A única cidadã portuguesa com paradeiro desconhecido e que se julgava estar no Haiti na altura do sismo de há uma semana foi localizada esta quinta-feira, disse à agência Lusa fonte do gabinete do secretário de Estado das Comunidades.
21 de Janeiro de 2010 às 17:50
Uma semana após o sismo, a ajuda começa a chegar às vítimas
Uma semana após o sismo, a ajuda começa a chegar às vítimas FOTO: d.r.

Segundo a fonte, o gabinete de Emergência Consular do ministério dos Negócios Estrangeiros foi contactado por familiares da portuguesa dando conta de que esta não está no Haiti e se encontra bem.  

No total, o Governo português recebeu pedidos para localizar 20 cidadãos que se pensava estarem no Haiti, quando a 12 de Janeiro o país foi devastado por um sismo de magnitude 7 na escala de Richter, que terá causado mais 75 mil mortos e milhares de feridos e desalojados.  

'Foram todos localizados através de contactos de familiares e estão todos bem', disse a fonte do gabinete de António Braga. 

ONU: 61 FUNCIONÁRIOS MORTOS 

As contas são da Organização das Nações Unidas (ONU): 61 funcionários morreram e perto de 180 continuam desaparecidos nove dias depois do sismo que destruiu o Haiti.

"Temos agora 61 mortos confirmados e menos de 180 pessoas que continuam desaparecidas", disse Farhan Haq, porta-voz, adiantando que entre os mortos se encontram 24 soldados e 12 polícias da Missão da ONU para a Estabilização do Haiti (Minustah), além de 25 funcionários civis do organismo.

O anterior balanço da ONU, quarta-feira, era de 49 mortos e mais de 300 desaparecidos. 

O porta-voz explicou que graças ao restabelecimento progressivo das comunicações foram localizadas vivas numerosas pessoas das quais não havia informações desde o dia 12 de Janeiro.

Há ainda perto de 180 desaparecidos, cerca de 150 eram funcionários locais da Minustah.
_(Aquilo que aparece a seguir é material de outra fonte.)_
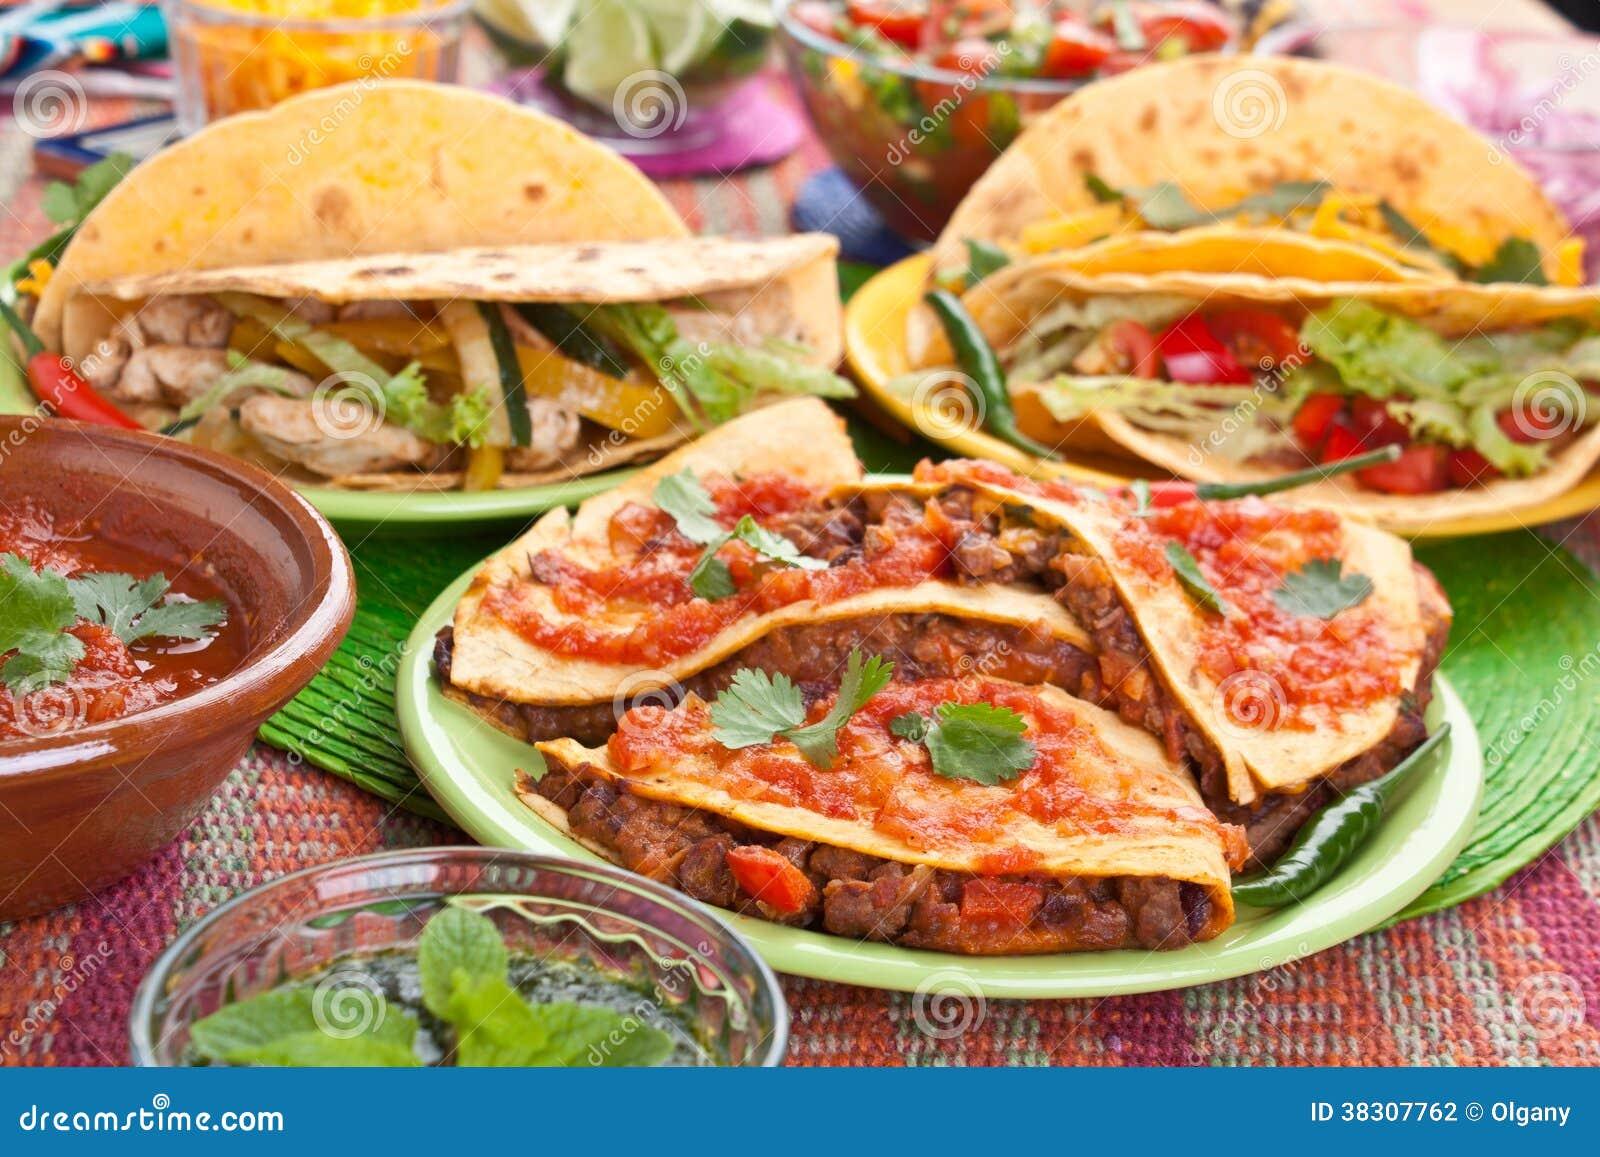 Nourriture mexicaine traditionnelle photo stock image du d ner color 38307762 - Cuisine mexicaine traditionnelle ...

MISSÃO PORTUGUESA SEM CONSTRANGIMENTOS

Elísio Oliveira, comandante da Força Operacional Conjunta (FOCUN) portuguesa, encontra-se esta quinta-feira a efectuar uma acção de reconhecimento a duas áreas distintas com objectivo de instalar o campo de desalojados, em cooperação com uma ONG indicada pela Organização Internacional das Migrações.

A Protecção Civil adianta ainda que a missão de socorro desempenhada por portugueses decorre sem constrangimentos, sendo que a perita do Instituto Nacional de Medicina Legal que integra a FOCON esteve ontem envolvida em missão de avaliação de intervenção futura na área forense, com elementos do Comité Internacional da Cruz Vermelha.